#### Exercise prompt:
Restate exactly the lines below, from the one containing "Malykh Evgeny. Lilac and fruits" through the final line, and leave out the pictures.

#### Provided material:
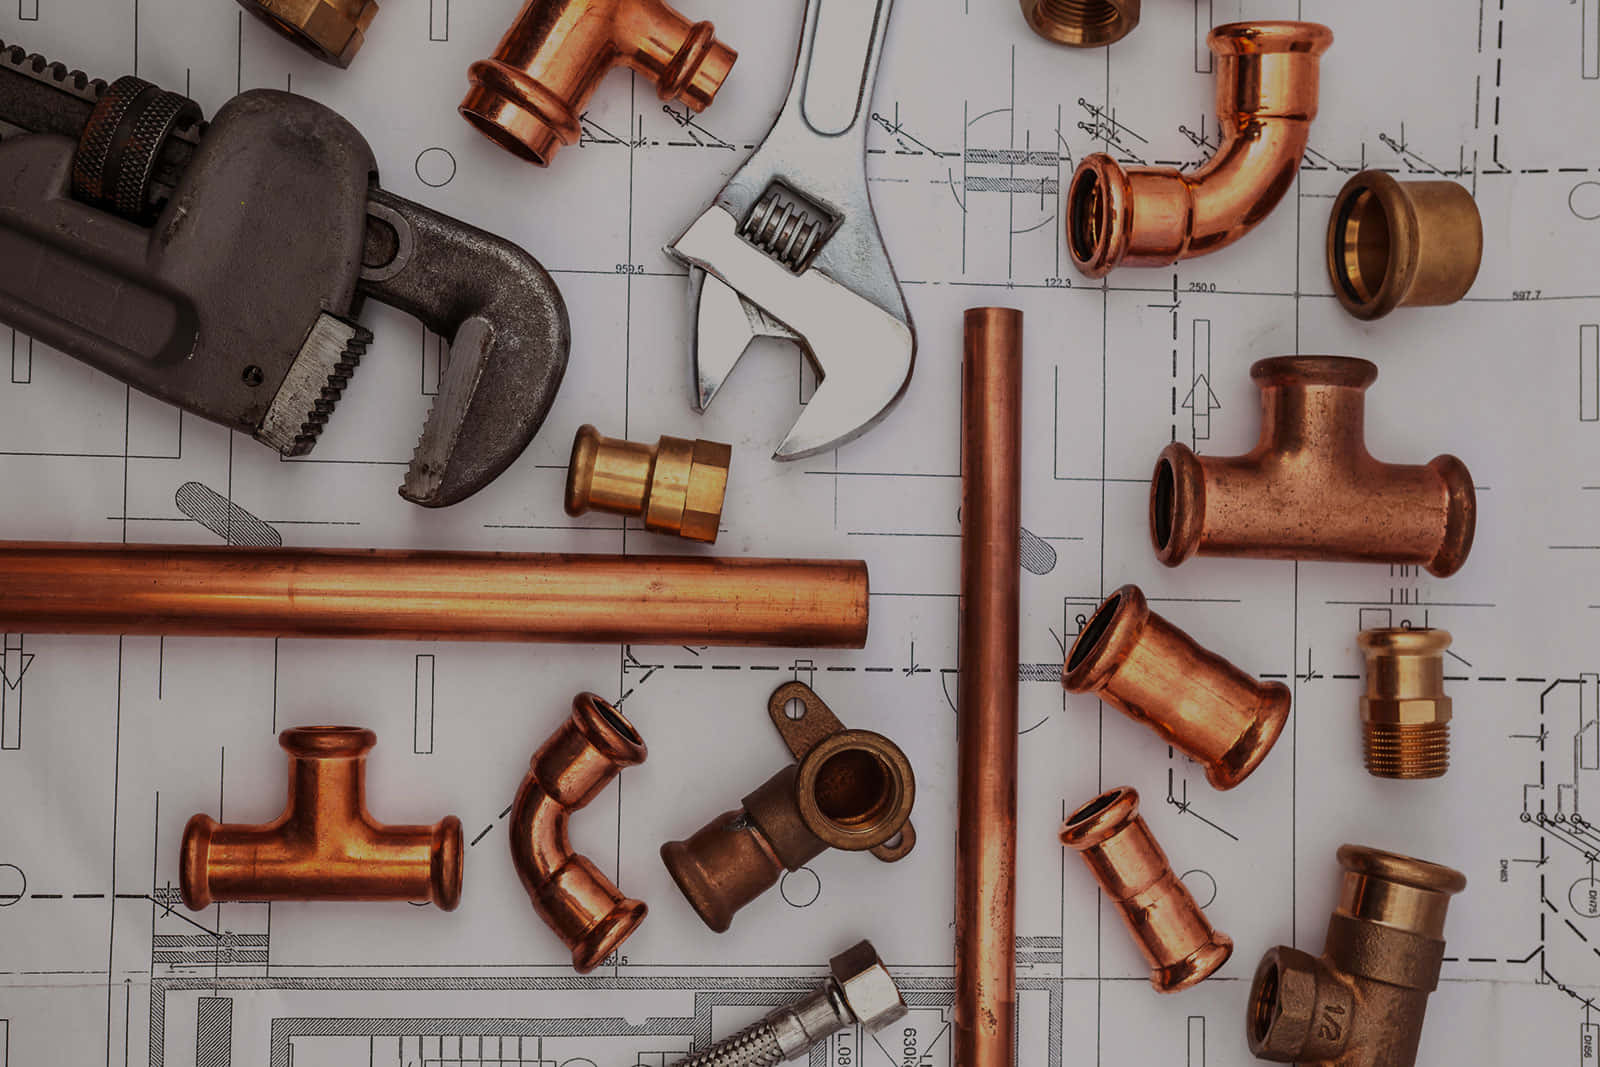 Copper Plumbing Tools And Fittings On Plan Wallpaper
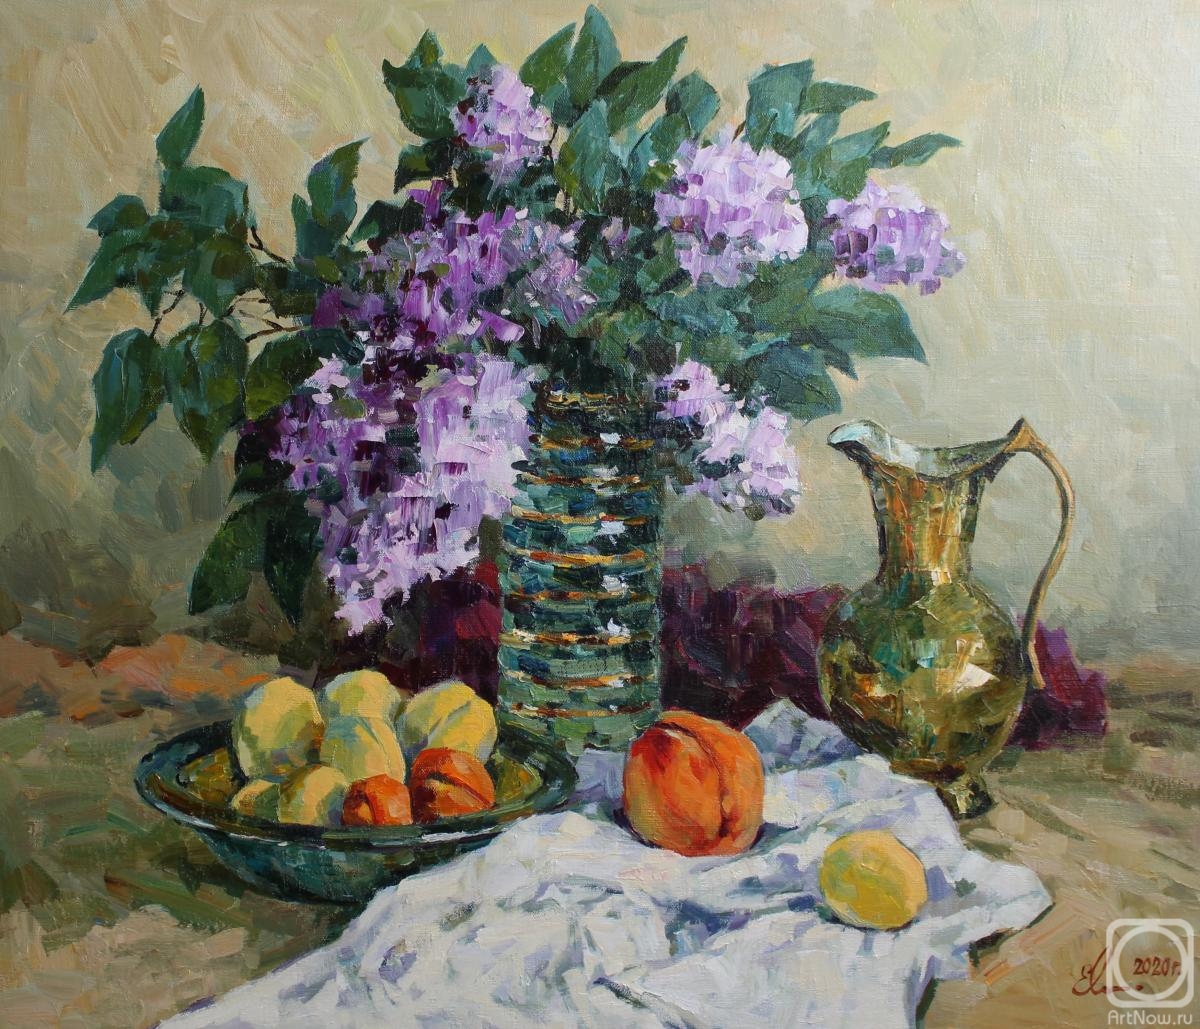 Malykh Evgeny. Lilac and fruits
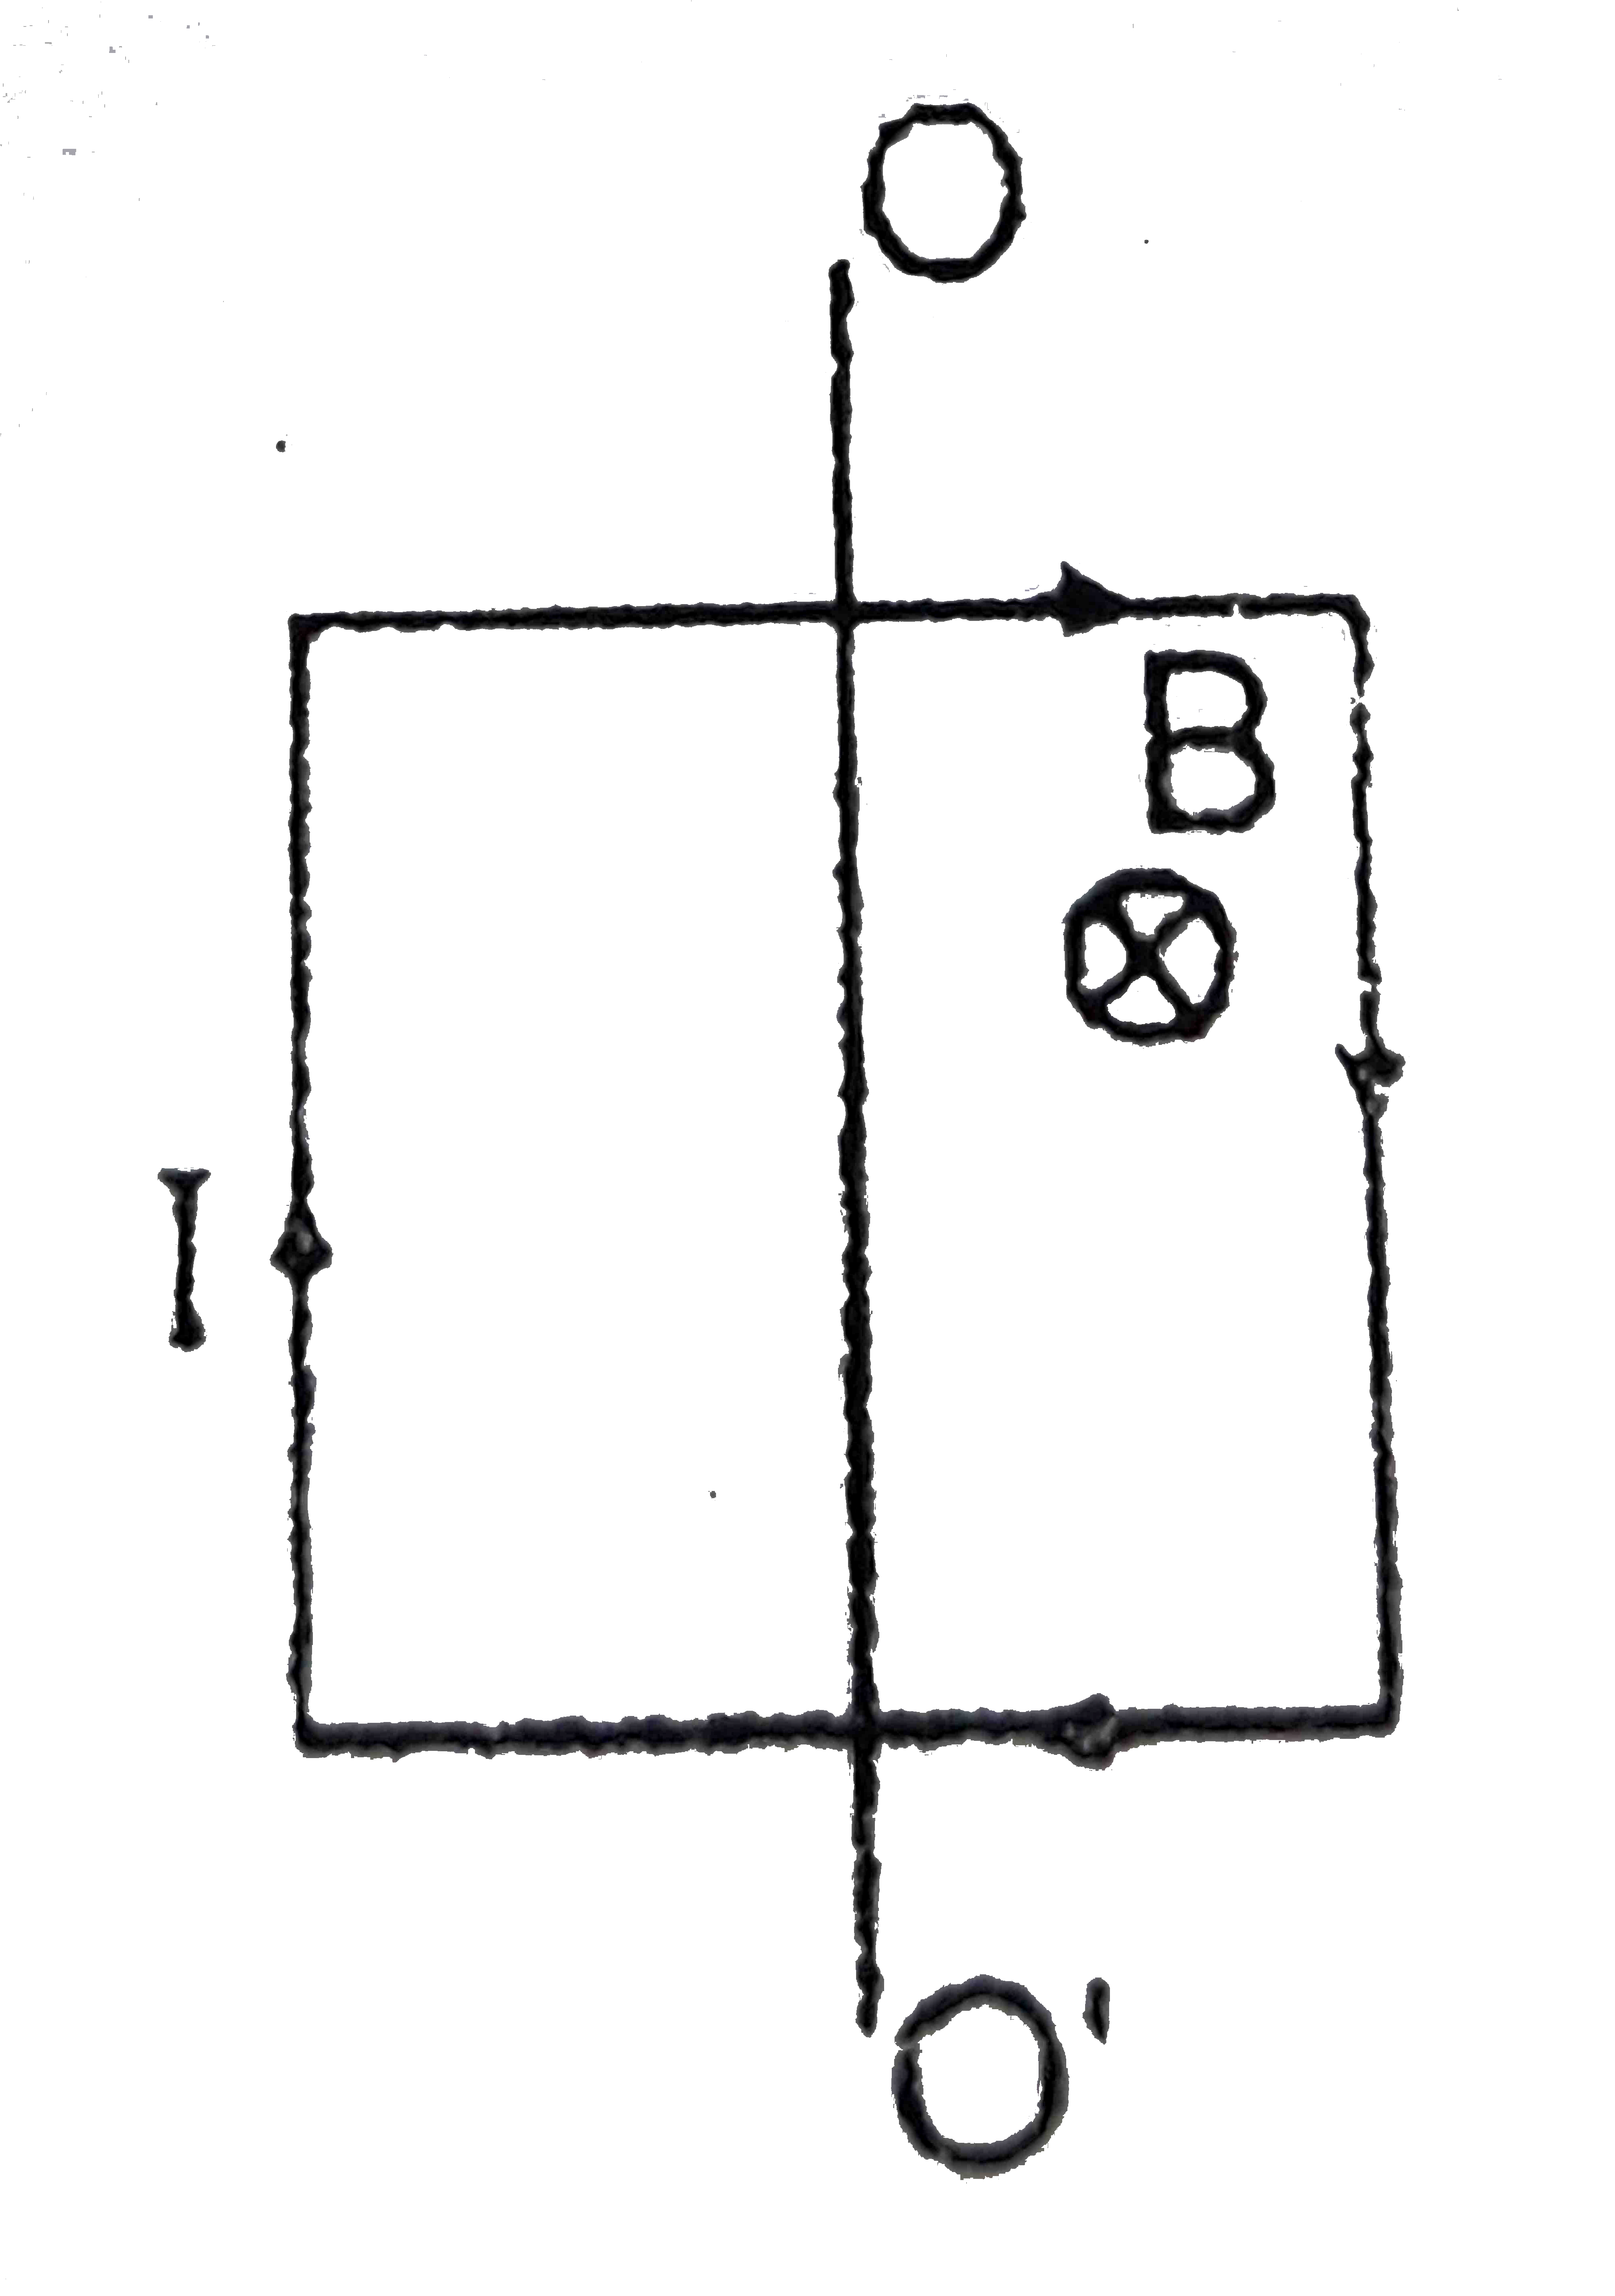 A square current carrying loop made of thin wire and having a mass m=10g can rotate without friction with respect to the vertical axis OO' passing through the centre of the loop at right angles to two opposite sides of the loop.The loop is placed in a homogeneous magnetic field with an induction B=10^(-1)T directed at right angles to the plane of the drawing.A current I=2A is flowing in the loop.Find the period of small oscillations that the loop perfoms about its position of stable equilibrium.

#### Output for this exercise:
 Malykh Evgeny. Lilac and fruits
 A square current carrying loop made of thin wire and having a mass m=10g can rotate without friction with respect to the vertical axis OO' passing through the centre of the loop at right angles to two opposite sides of the loop.The loop is placed in a homogeneous magnetic field with an induction B=10^(-1)T directed at right angles to the plane of the drawing.A current I=2A is flowing in the loop.Find the period of small oscillations that the loop perfoms about its position of stable equilibrium.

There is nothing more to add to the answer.